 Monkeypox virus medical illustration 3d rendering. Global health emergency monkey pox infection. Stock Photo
---
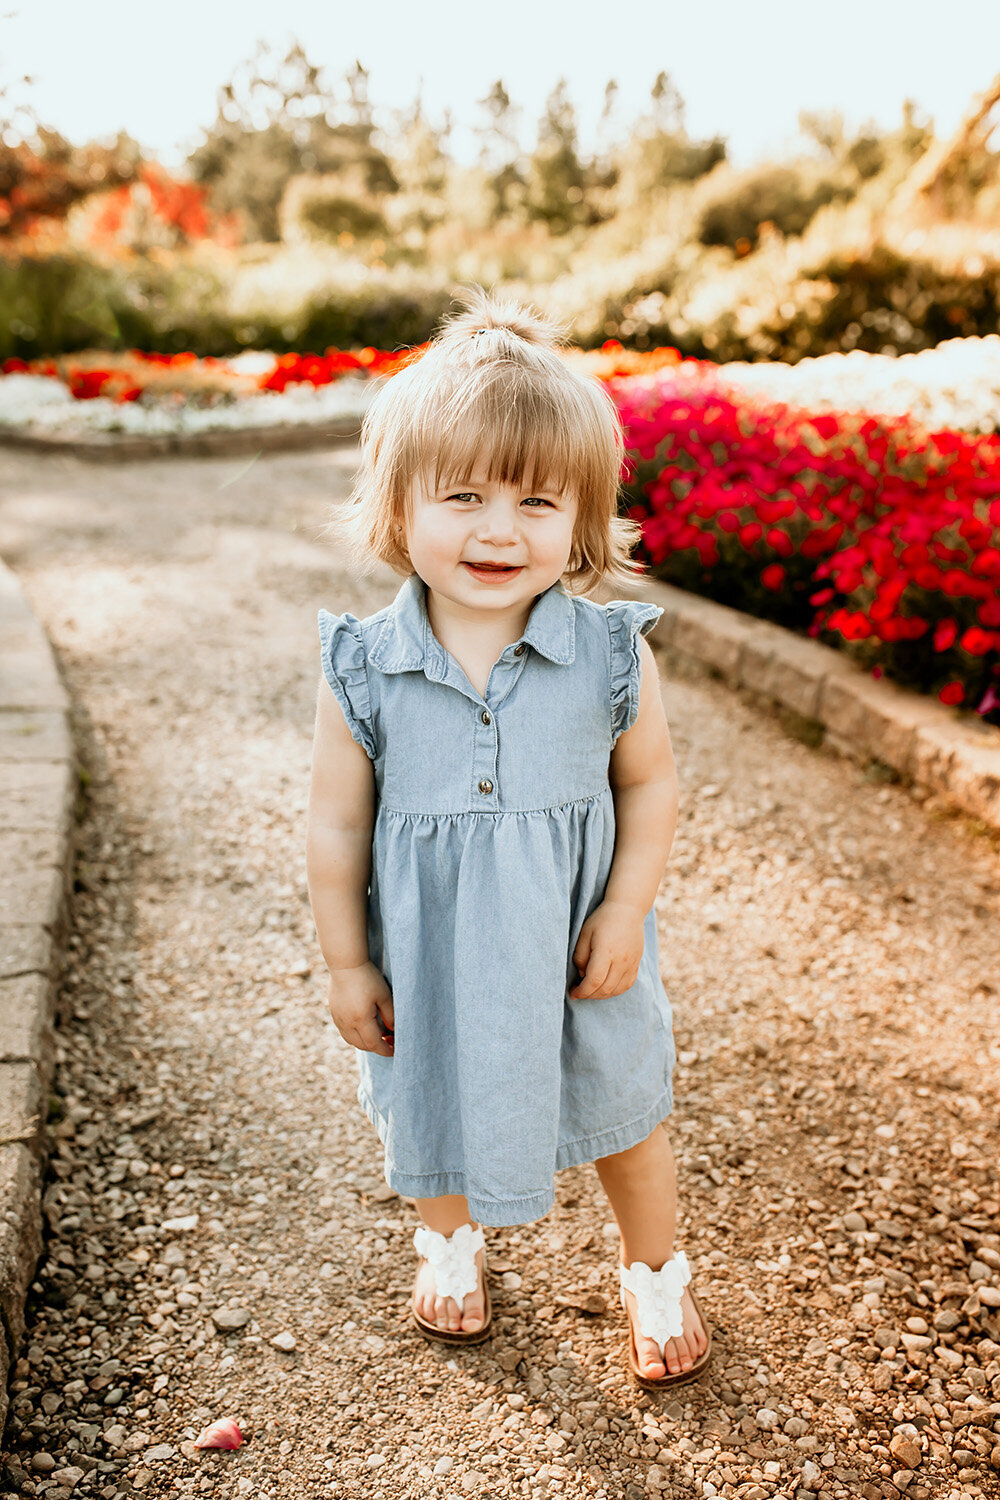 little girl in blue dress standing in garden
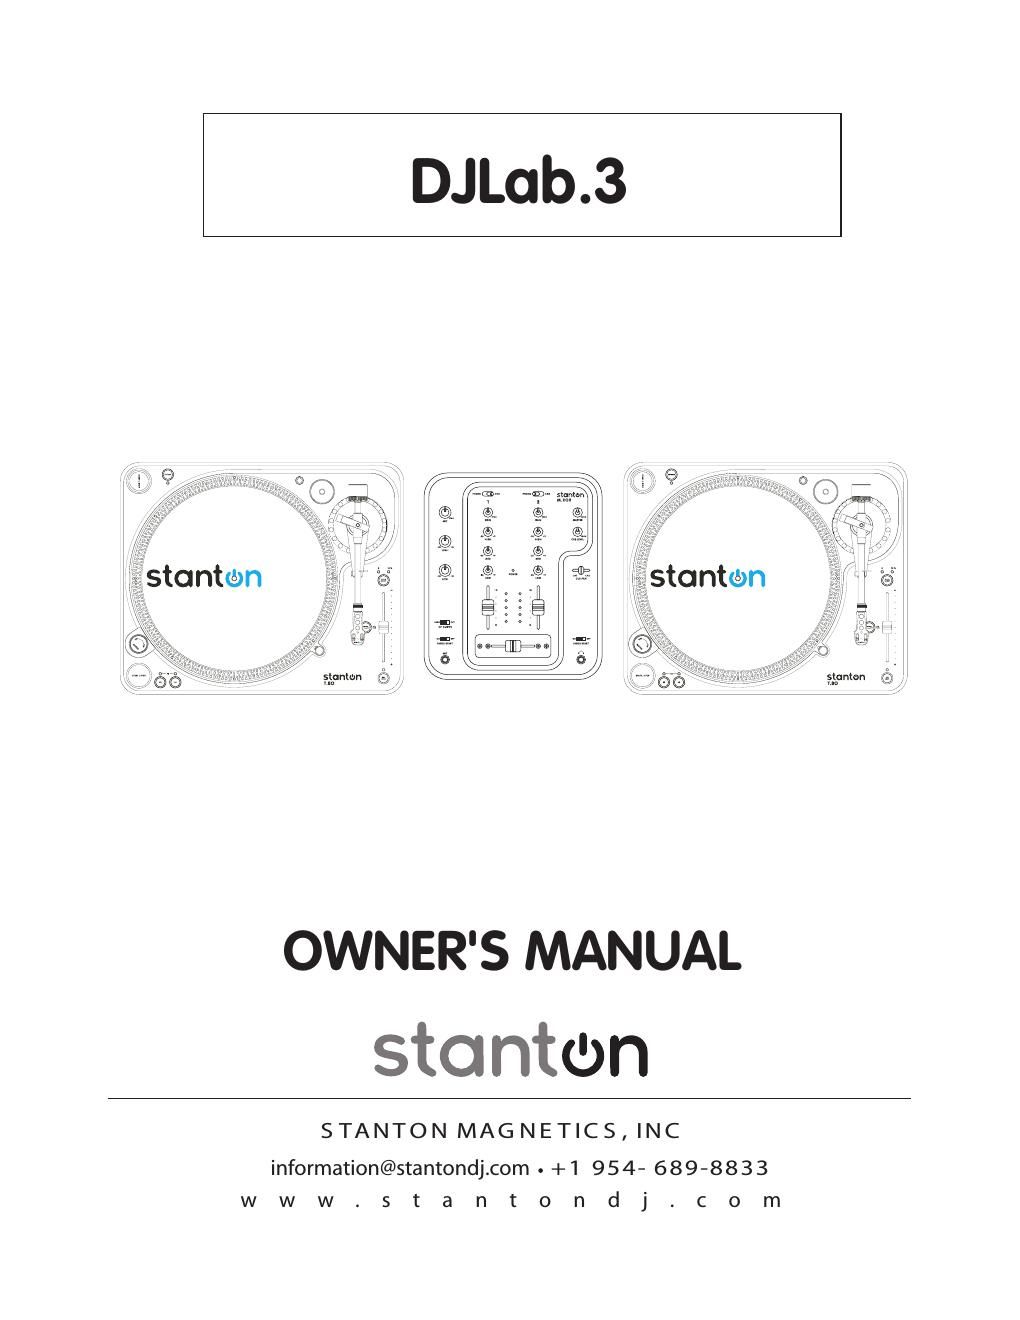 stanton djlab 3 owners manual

*Work request*.
Start with the line above containing "little girl in blue dress standing in garden" and end with the line containing "stanton djlab 3 owners manual". Set down that stretch exactly, without any pictures.

*Solution for this problem*.
 little girl in blue dress standing in garden
 stanton djlab 3 owners manual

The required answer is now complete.